Zusätzliches Selbstvertrauen hat Griezmann dennoch gewonnen - durch seinen Treffer vom Punkt. "Ich wollte einen Elfmeter in einem großen Spiel verwandeln", sagte der Torjäger von Atletico Madrid, der damit sein Trauma überwunden hat: Ende Mai hatte Griezmann im verlorenen Finale der Champions League gegen den Stadrivalen Real einen Elfmeter verschossen.
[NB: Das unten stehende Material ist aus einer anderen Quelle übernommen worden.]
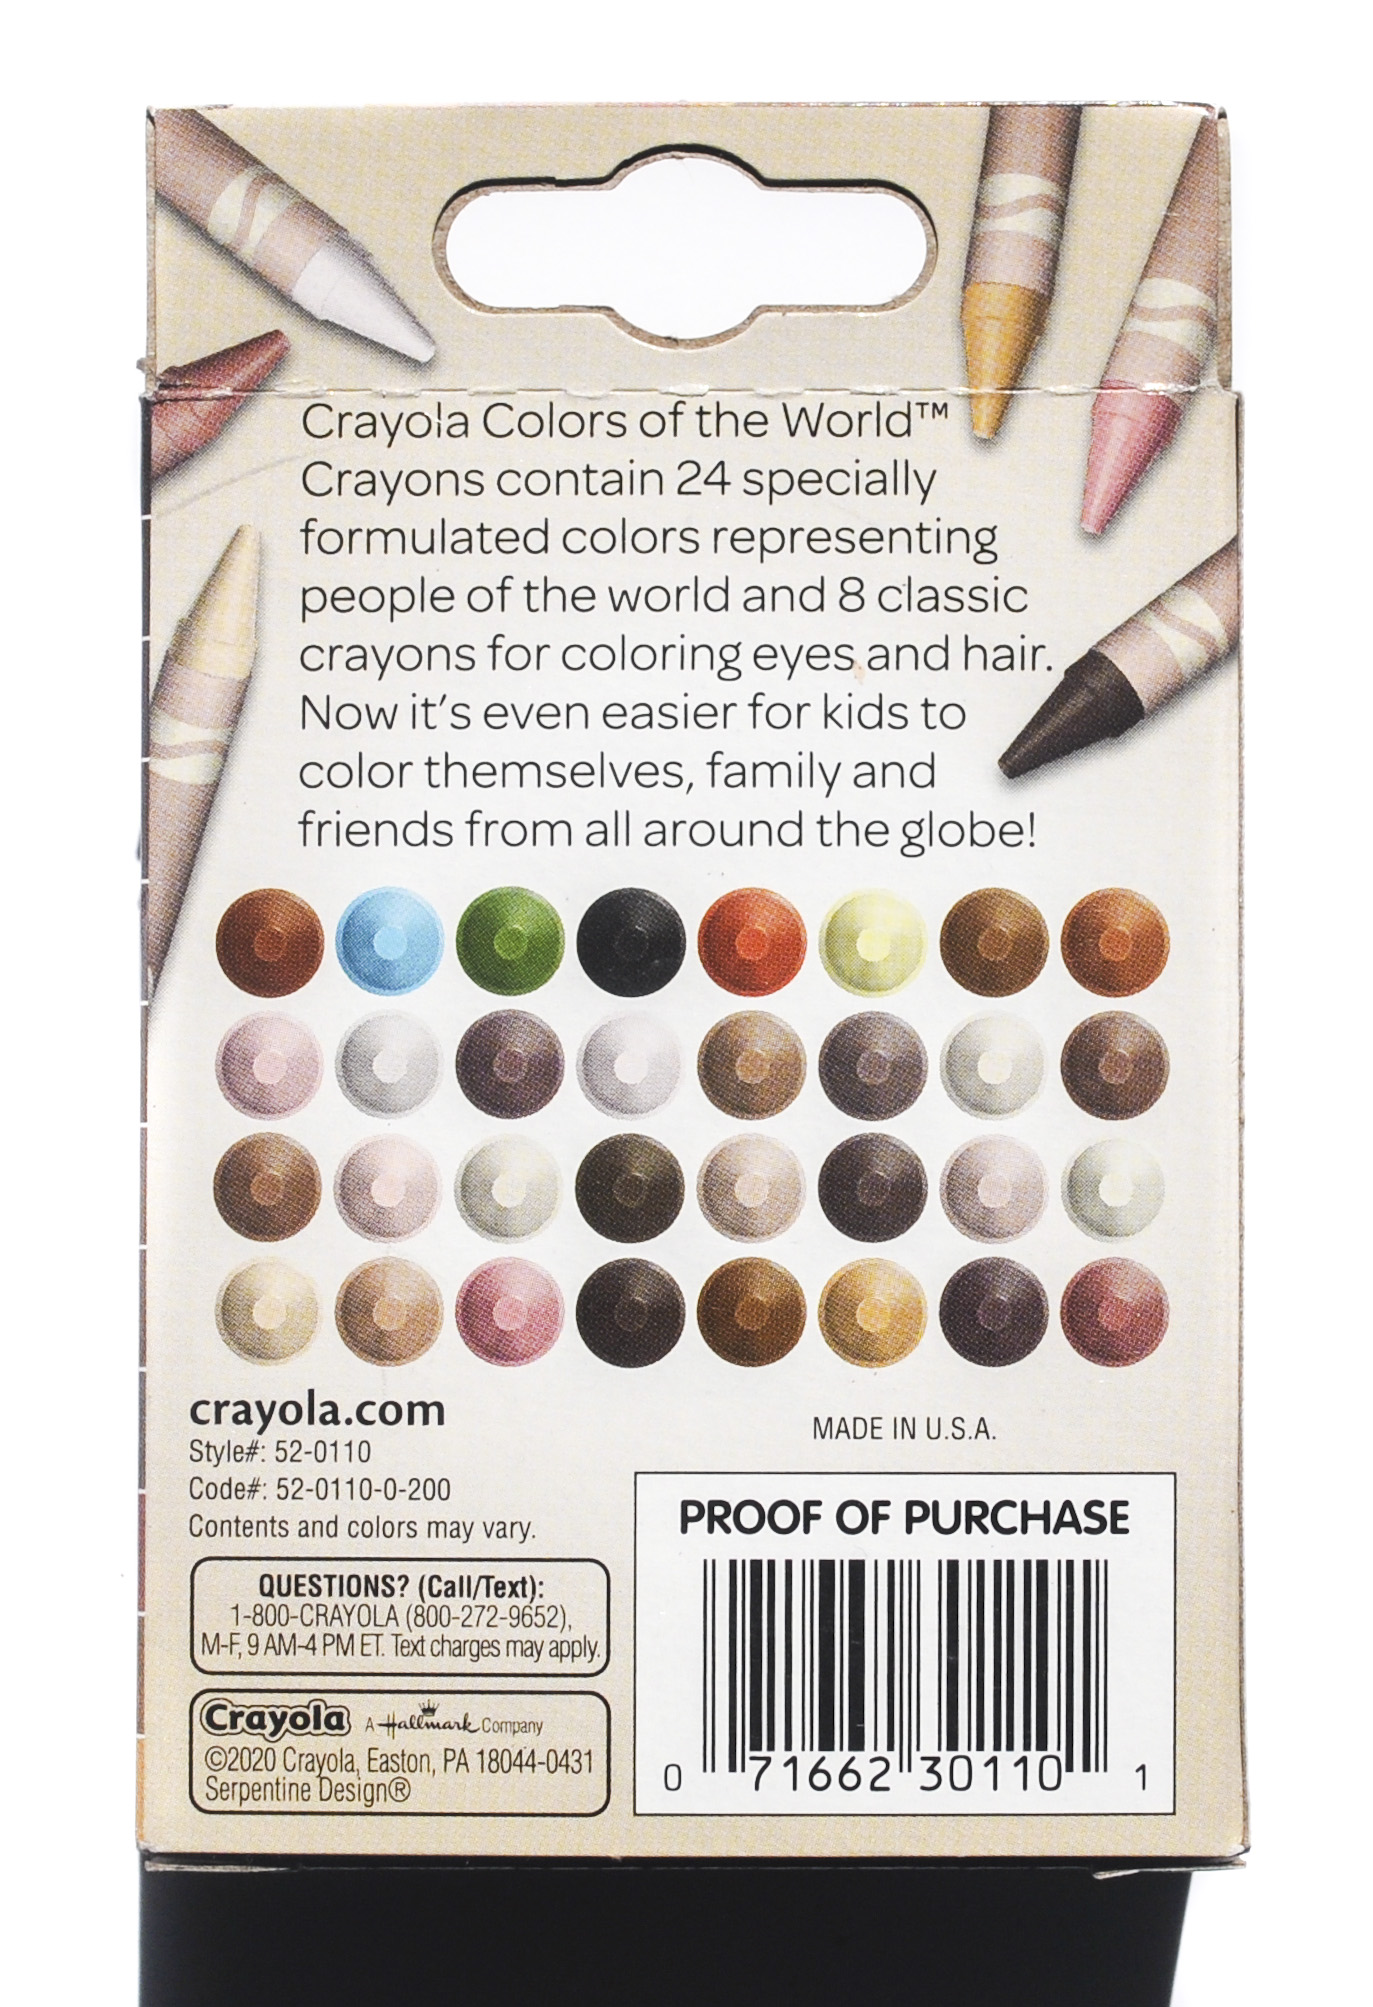 Crayola Crayons 32 Count Box

"Grizou" war immer zu klein

Das war allerdings nicht der erste Rückschlag in der Karriere Griezmanns. Schon mit 13 Jahren hatte er sich bei einem halben Dutzend französischer Erstligisten präsentiert - doch kein Klub wollte ihn haben. "Ständig hieß es, ich wäre zu klein", erzählt der 1,76 m große Griezmann heute noch.

Das änderte sich erst, als er von Eric Olhats entdeckt wurde. Sein heutiger Berater war vor elf Jahren Spielerbeobachter von Real Sociedad San Sebastian. Er erkannte das Talent des schmalen Bürschchens und nahm Griezmann mit ins Baskenland. 2009 feierte Griezmann sein Debüt bei den Profis, 2014 wechselte er für 30 Millionen Euro nach Madrid - damals schon als französischer Nationalspieler, der kurz zuvor seine erste WM-Endrunde gespielt hatte.

Bevor Griezmann für die Equipe tricolore auflaufen durfte, musste er allerdings Abbitte leisten. Schließlich wurde er im November 2012 vom französischen Verband FFF für mehr als ein Jahr suspendiert. Griezmann war während eines Trainingslagers mit der U21 ausgebüxt und hatte sich in einem Nachtclub vergnügt.

Doch diese Affäre wurde Griezmann längst verziehen. Selbst die Tatsache, dass er nach seinen Treffern auf Spanisch jubelt, ist für die Franzosen kein Thema mehr. Die Hauptsache ist, Griezmann jubelt überhaupt. Am besten schon wieder am Sonntag.